Besides, where would I go instead? Happy hour was the only other activity one
could do in a 100 minute time slot at five o’clock on Monday afternoons and, I
wasn’t so far gone that I’d skip therapy to booze it up. My mother’s childish
treatment was a big reason for me to get out of her apartment as soon as
possible.
I knew I needed
some help with my plummeting emotions. Normal people didn’t have time limits on
how long they would suffer through misery before offing themselves. I wanted to
be one of thos sunflower-gazing, happy people that didn’t need to drink to feel
good. Octavia was a nice enough therapist, no condescending tones or judgmental
looks over the rim of her glasses. The problem was that being suicidal took
away the convention of doctor-patient confidentiality. I was a danger to
myself, so my therapist could tell my mother anything she deemed pertinent to
keeping me alive. It was hard to share my secret idea of moving to South Korea
or my sex stories with a snitch.
As usual, this
afternoon, I had confided only the information that I’d already shared with my
mother.

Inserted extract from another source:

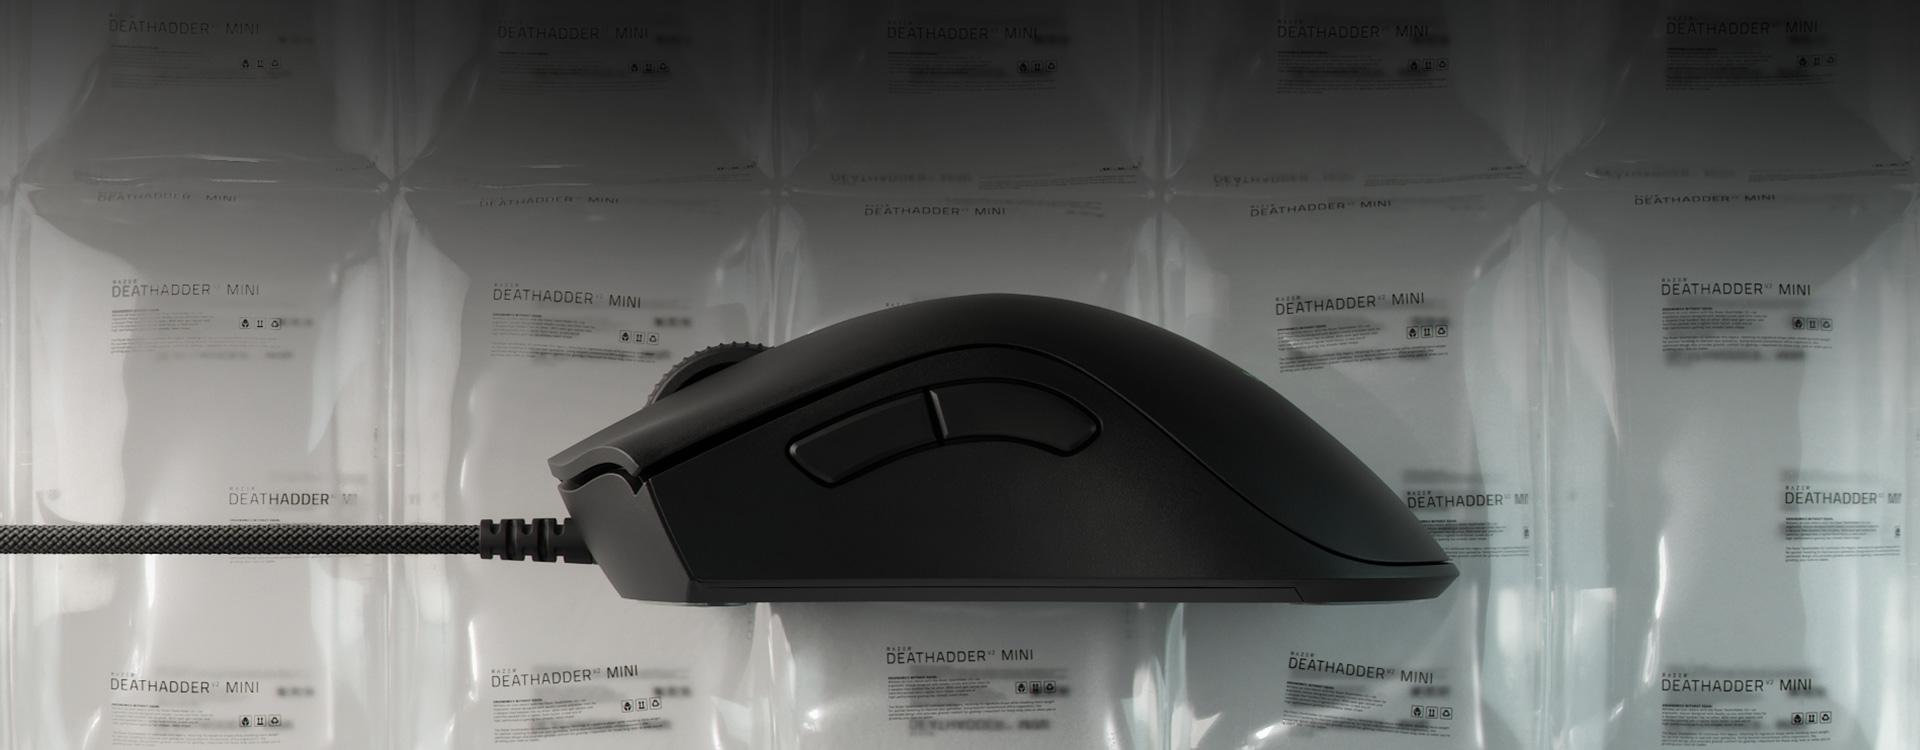 https://assets2.razerzone.com/images/pnx.assets/7d12512f21bfb23d8e5f7c2a58114c75/razer-deathadder-v2-mini-2020-usp1-desktop.jpg
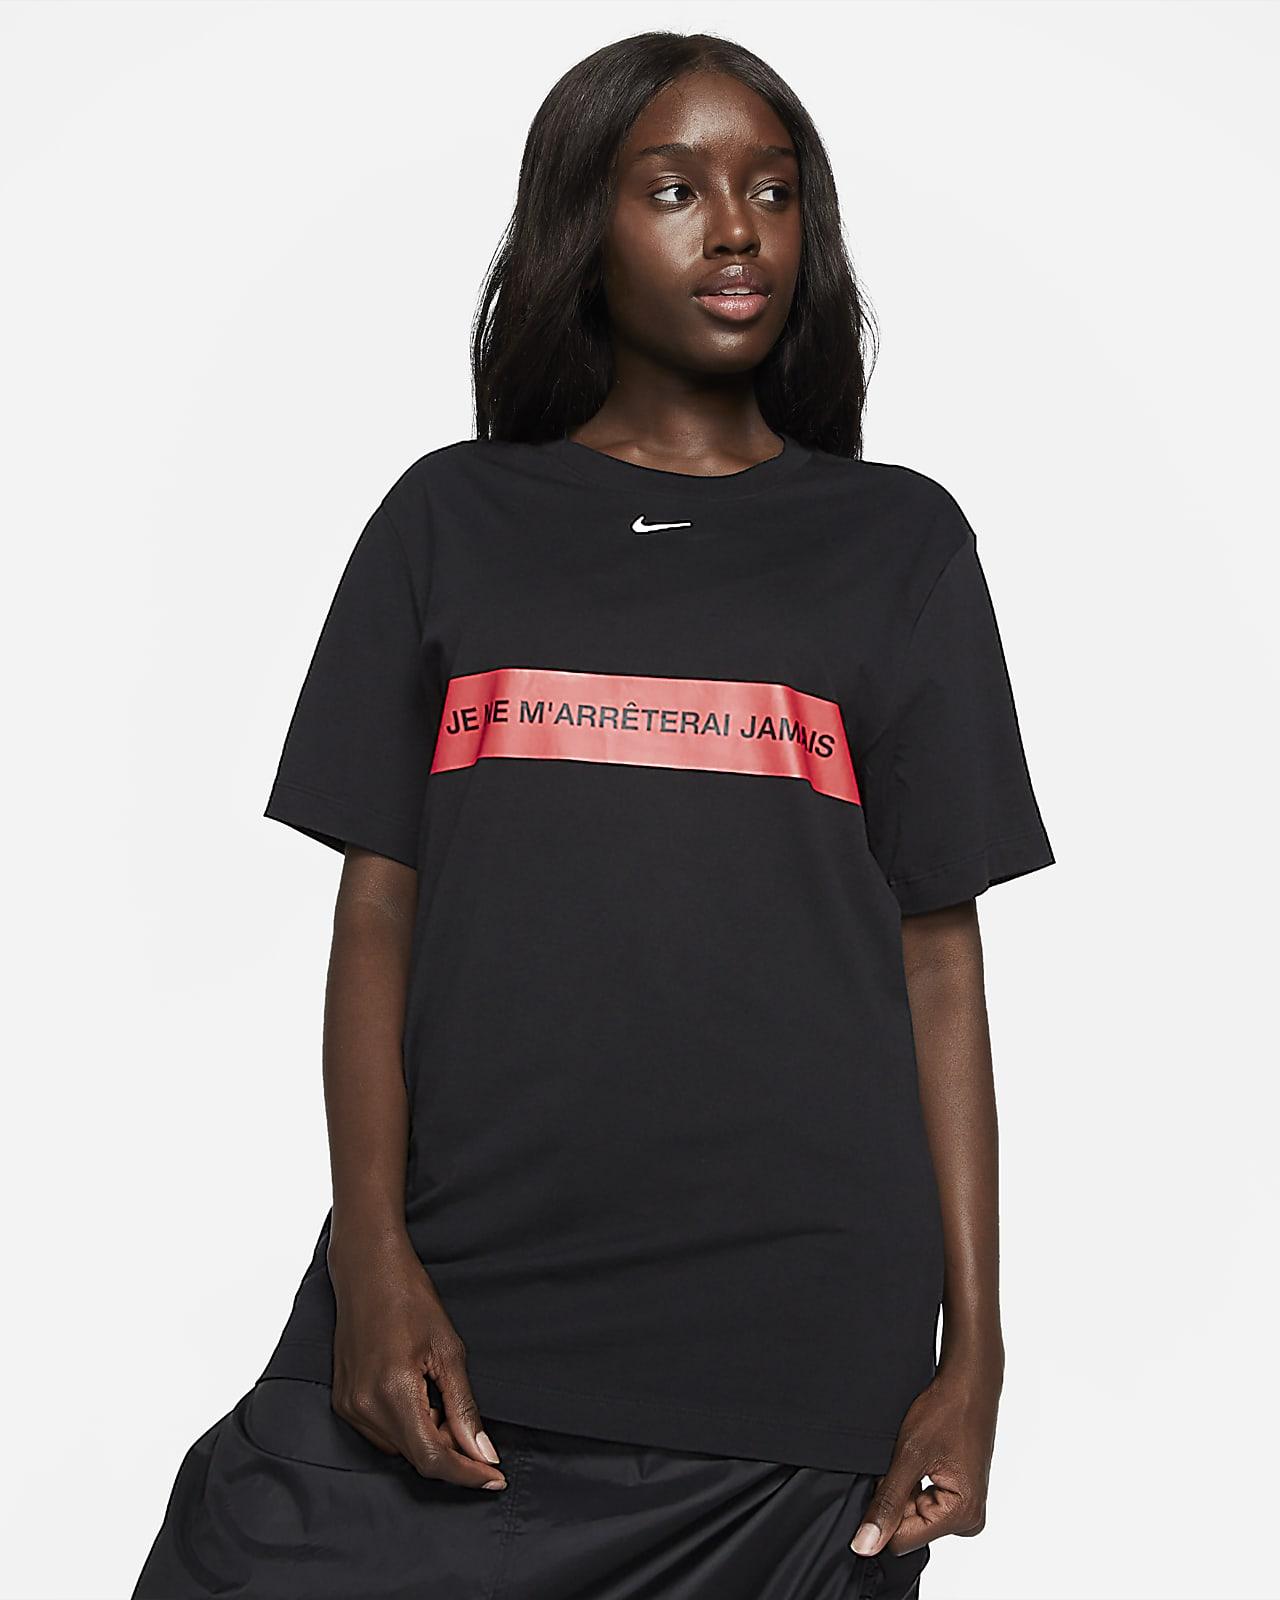 Tennis-t-shirt Serena Williams

As I blabbered about my boyfriend, Malik, dumping me for the final
time, Octavia tried to steer the discussion to my feelings surrounding
terrorism. She wanted to know how I was adjusting.
It had been six
days since the September 11th terrorist attacks and the country’s stress levels
were only rising. The news was always showing the alert level as “orange” or
“red” or “paisley.” Like most people, I didn’t know what the hell was going on.
Instead of color blocks in the corner of the television screens, they should
have posted clear signs reading “Get Your Shit and Go!” or “Pack Up but Sit
Tight!” or “Good As It’s Gonna Get.” We’d all understand things a bit better.